Embedded Computing Systems


CMPE Degree: This course is Elective for the CMPE degree.

EE Degree: This course is Elective for the EE degree.

Lab Hours: 0 supervised lab hours and 3 unsupervised lab hours.

Technical Interest Group(s) / Course Type(s): VLSI Systems and Digital Design

Course Coordinator:

Prerequisites: ECE 3056 [min C]

Corequisites: None.

Catalog Description

Algorithms and methodologies for the design of real-time, low-power embedded computing systems.

Course Outcomes

  1. design and implement embedded computing systems, including software and hardware.
  2. develop verification/validation evaluation methods for these hardware and software components and analyze and interpret the resulting data.
  3. write laboratory reports and documentation conforming to technical writing standards, including widely used methodologies for design documentation.
  4. analyze the execution time of small sections of assembly language code.
  5. analyze and estimate the worst-case execution time of a program.
  6. analyze and estimate the worst-case power consumption of a program.
  7. describe CPU mechanisms that support context switching.
  8. describe the steps required to switch contexts in a CPU.
  9. compute the CPU utilization of a set of tasks.
  10. analyze the schedulability of a set of tasks using rate monotonic scheduling.
  11. design and implement software that performs a real-time task.
  12. describe an embedded computing system design using UML.
  13. decompose a set of requirements for an embedded computing system into a set of tasks.

Student Outcomes

In the parentheses for each Student Outcome:
"P" for primary indicates the outcome is a major focus of the entire course.
“M” for moderate indicates the outcome is the focus of at least one component of the course, but not majority of course material.
“LN” for “little to none” indicates that the course does not contribute significantly to this outcome.

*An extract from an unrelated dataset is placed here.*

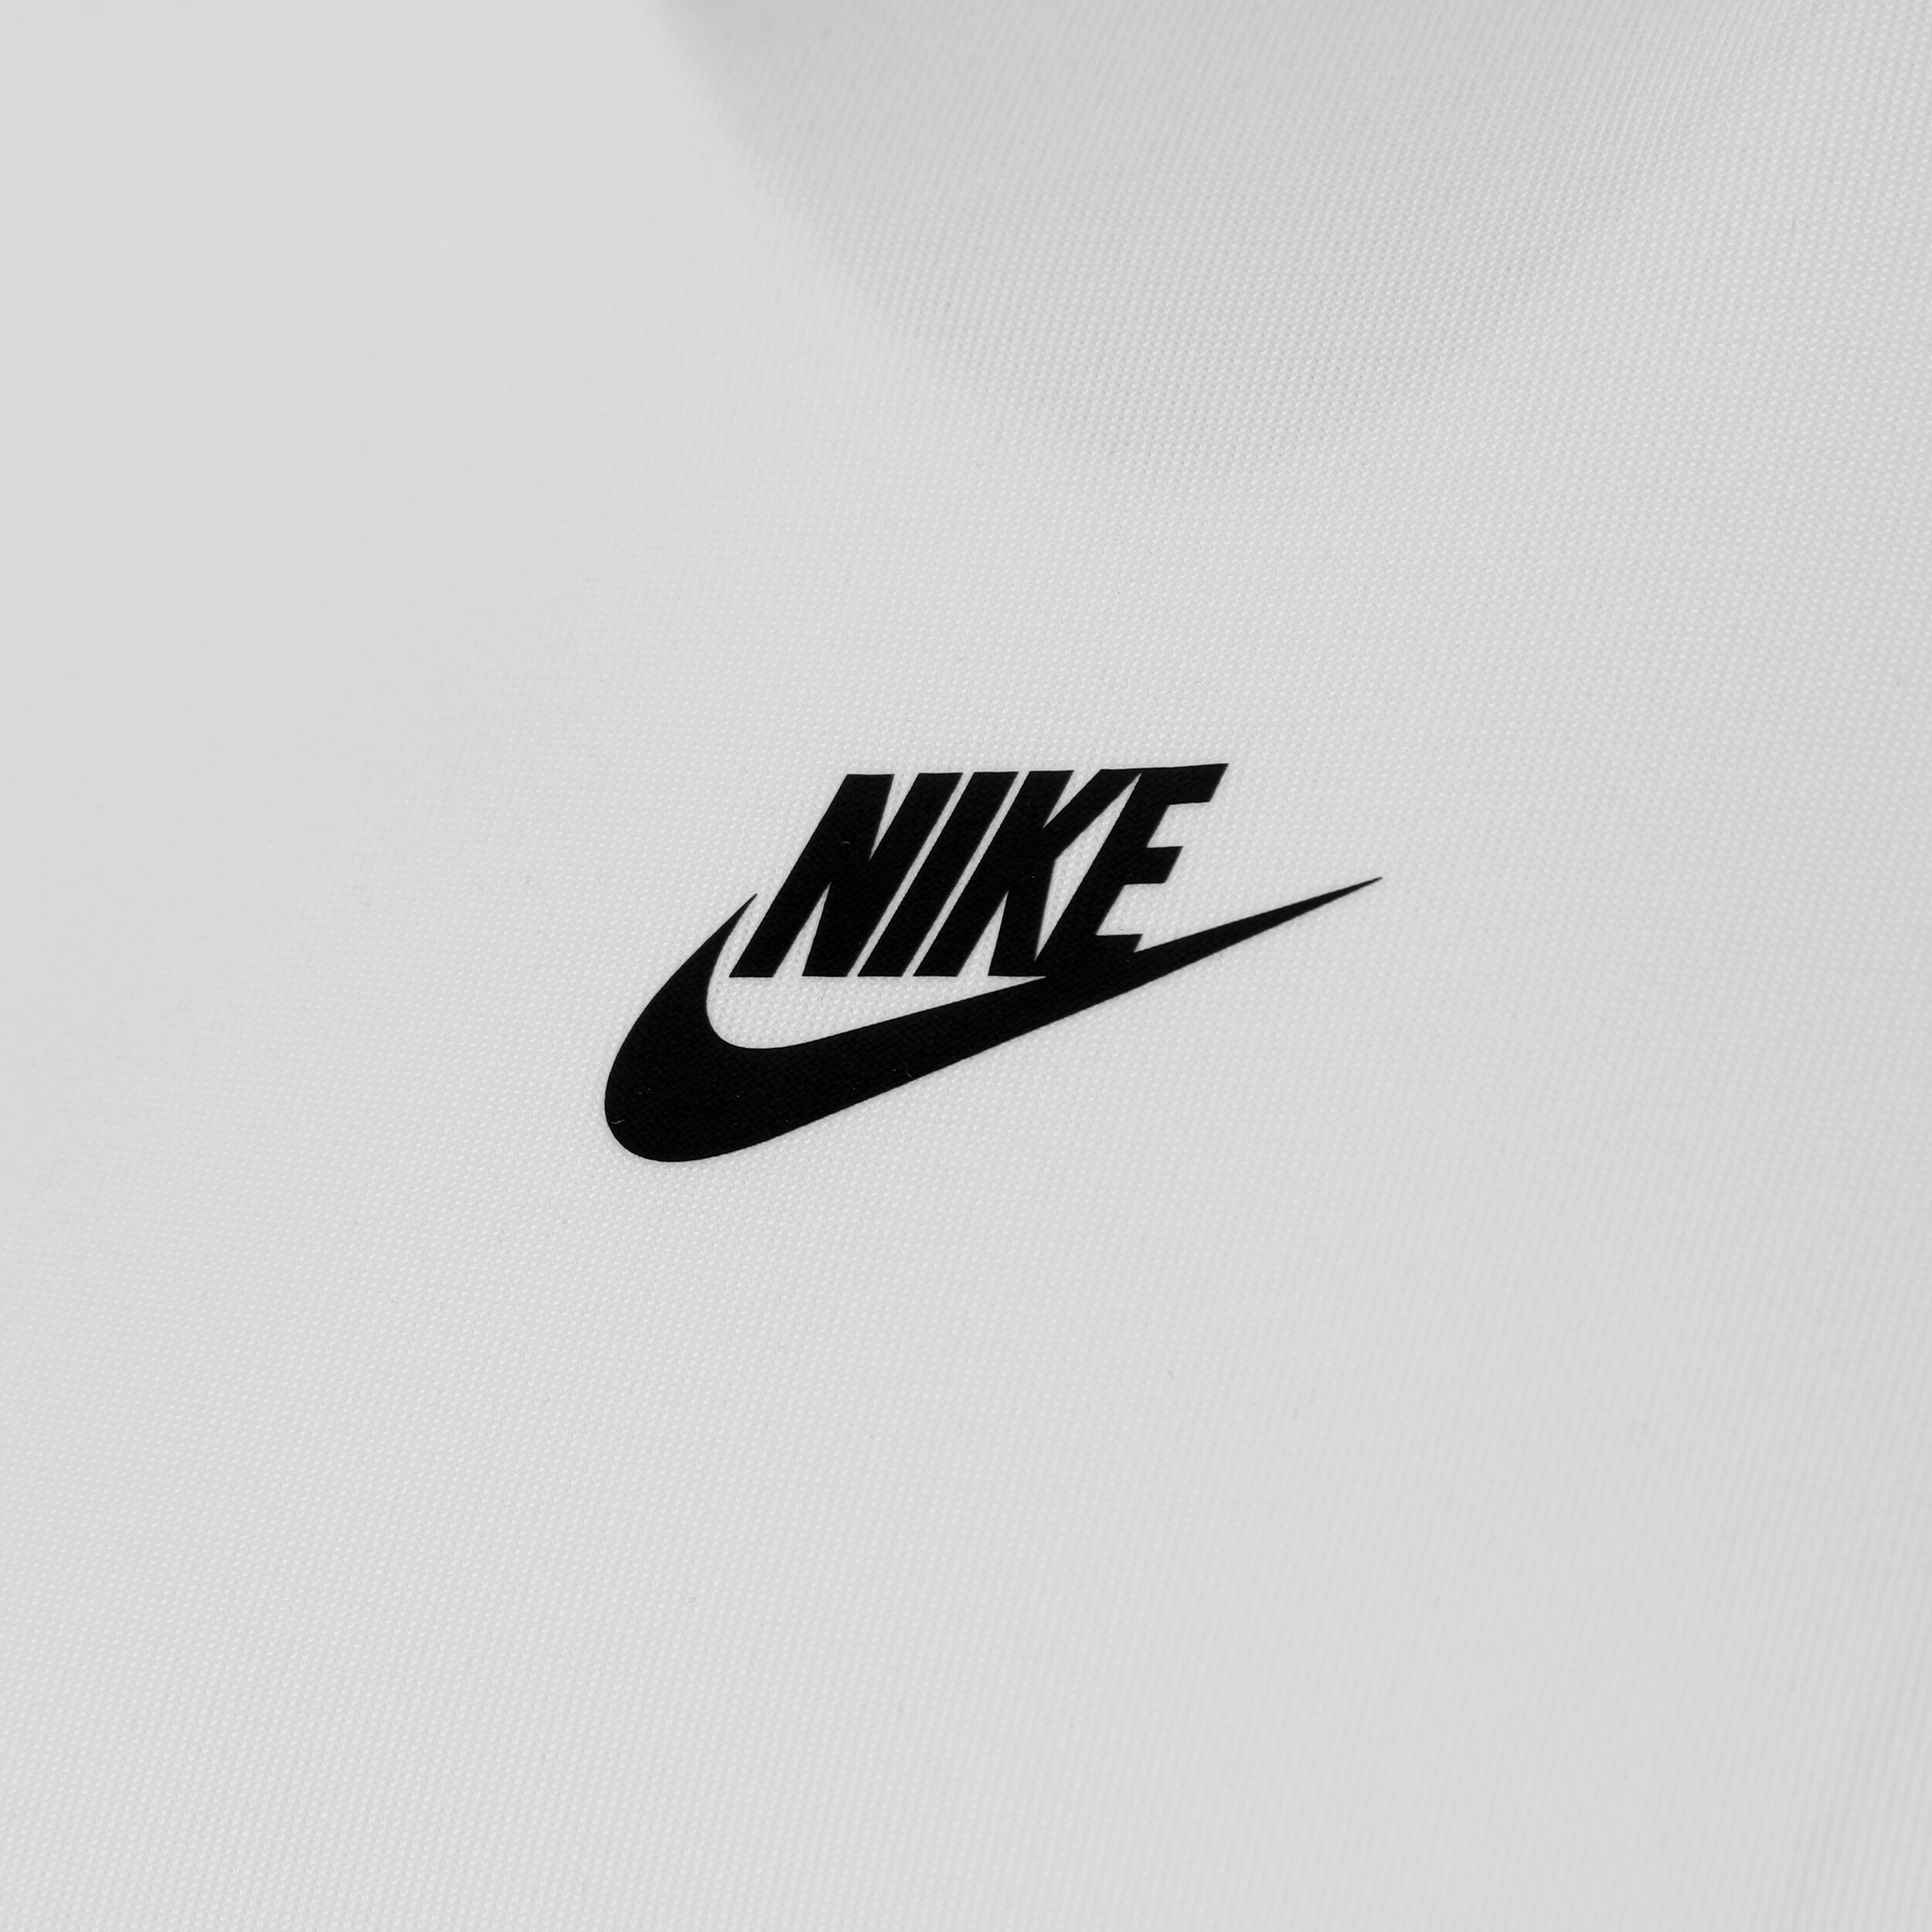 страница 2 | Логотип Nike Изображения – скачать бесплатно на Freepik

1. ( P ) An ability to identify, formulate, and solve complex engineering problems by applying principles of engineering, science, and mathematics

2. ( LN ) An ability to apply engineering design to produce solutions that meet specified needs with consideration of public health, safety, and welfare, as well as global, cultural, social, environmental, and economic factors

3. ( LN ) An ability to communicate effectively with a range of audiences

4. ( LN ) An ability to recognize ethical and professional responsibilities in engineering situations and make informed judgments, which must consider the impact of engineering solutions in global, economic, environmental, and societal contexts

5. ( LN ) An ability to function effectively on a team whose members together provide leadership, create a collaborative and inclusive environment, establish goals, plan tasks, and meet objectives

6. ( P ) An ability to develop and conduct appropriate experimentation, analyze and interpret data, and use engineering judgment to draw conclusions

7. ( LN ) An ability to acquire and apply new knowledge as needed, using appropriate learning strategies.

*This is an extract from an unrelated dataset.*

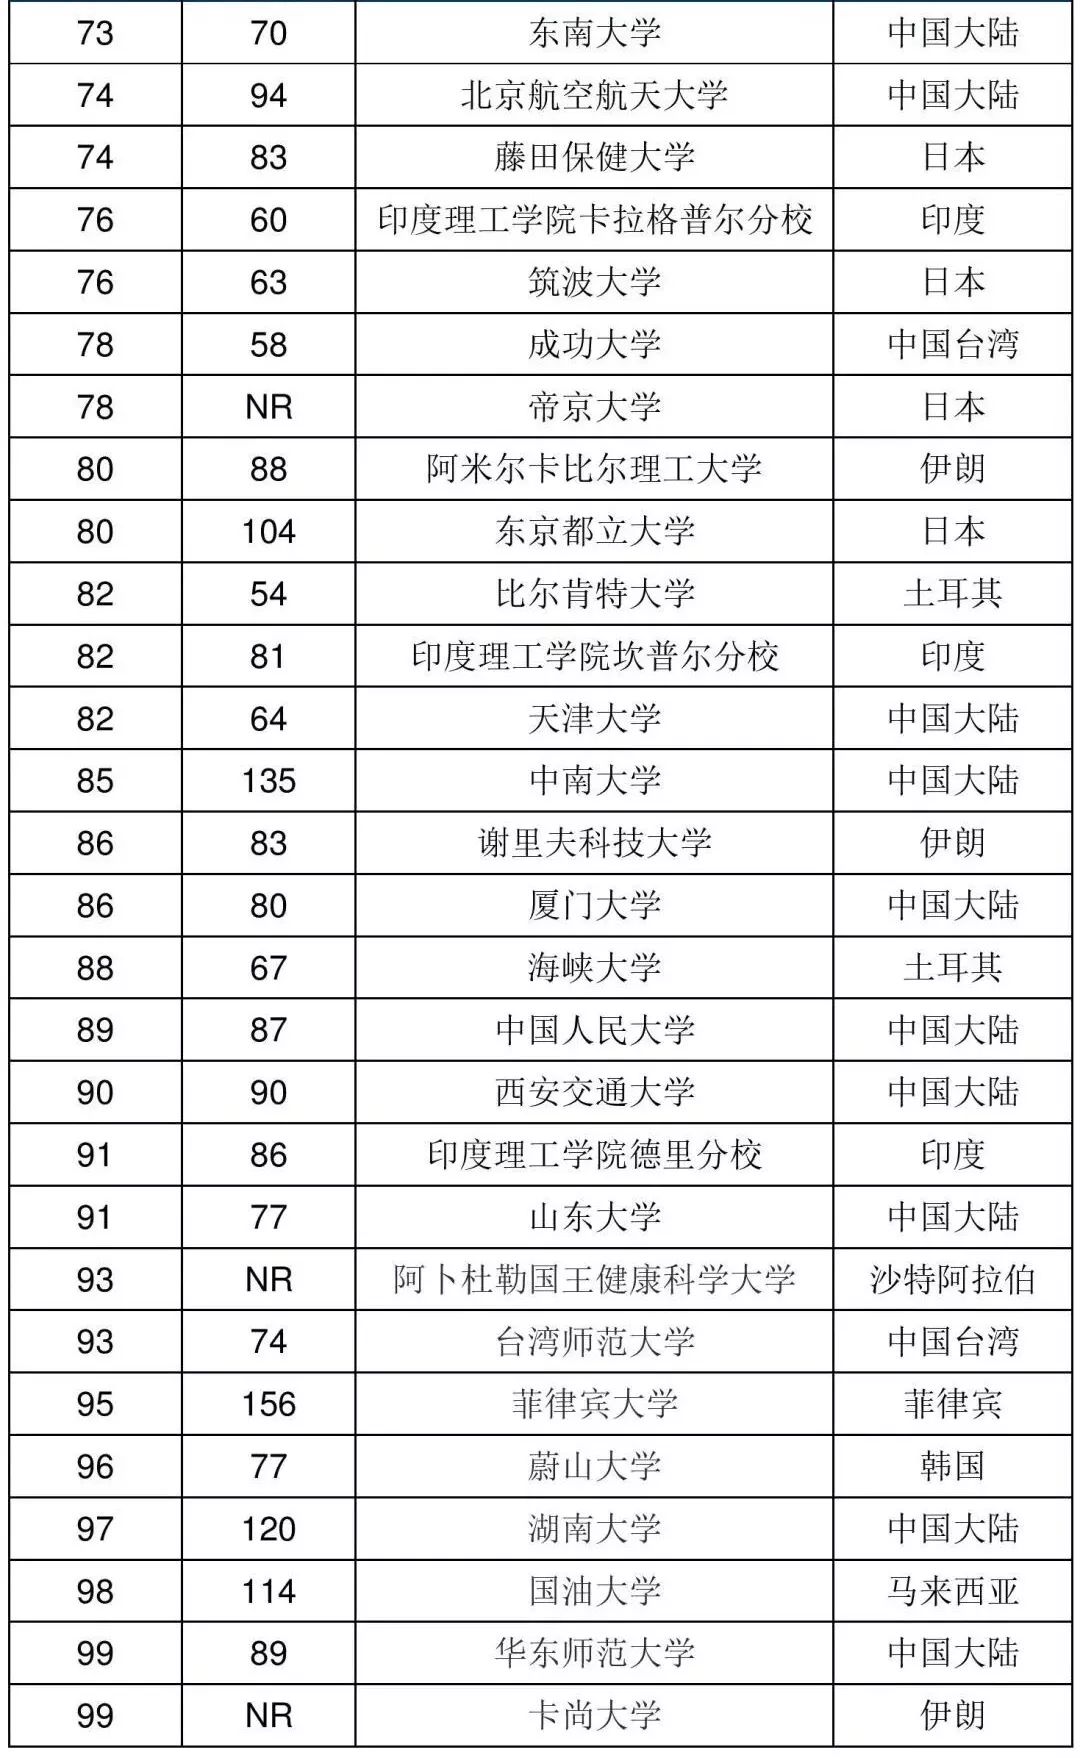 2019亚洲高校排行榜_最新 2019亚洲大学排名出炉,中国百所高校上榜

Strategic Performance Indicators (SPIs)

Not Applicable

Course Objectives

  1. learn software performance analysis and optimization including worst-case execution time. [a, c]
  2. perform real-time scheduling. [a]
  3. learn design methodologies for embedded computing systems. [c, k]
  4. design, analyze, simulate, implement, and evaluate embedded hardware and software. [c, k]
  5. use engineering techniques, skills, and tools, including software-based methods for analysis and synthesis of software and hardware [k]
  6. develop basic skills in writing laboratory reports and other documentation as part of a design methodology, including design reviews. [g]

Topical Outline

* Challenges in embedded computing: real-time, low power.
* Comparative computer organization and instruction sets.
* Hardware and software for I/O.
* Instruction-level performance analysis under the influence of pipelines, caches, and memory management.
* Embedded computing platforms.
* Models for computer programs.
* Path-based performance analysis and optimization, worst-case execution time, average case analysis.
* Software power analysis and optimization.
* Processes and tasks.
* Operating system structures for context switching.
* Task graph models and CPU utilization.
* Rate-monotonic and earliest deadline first scheduling.
* Embedded multiprocessors.
* Applications: automotive, multimedia, etc.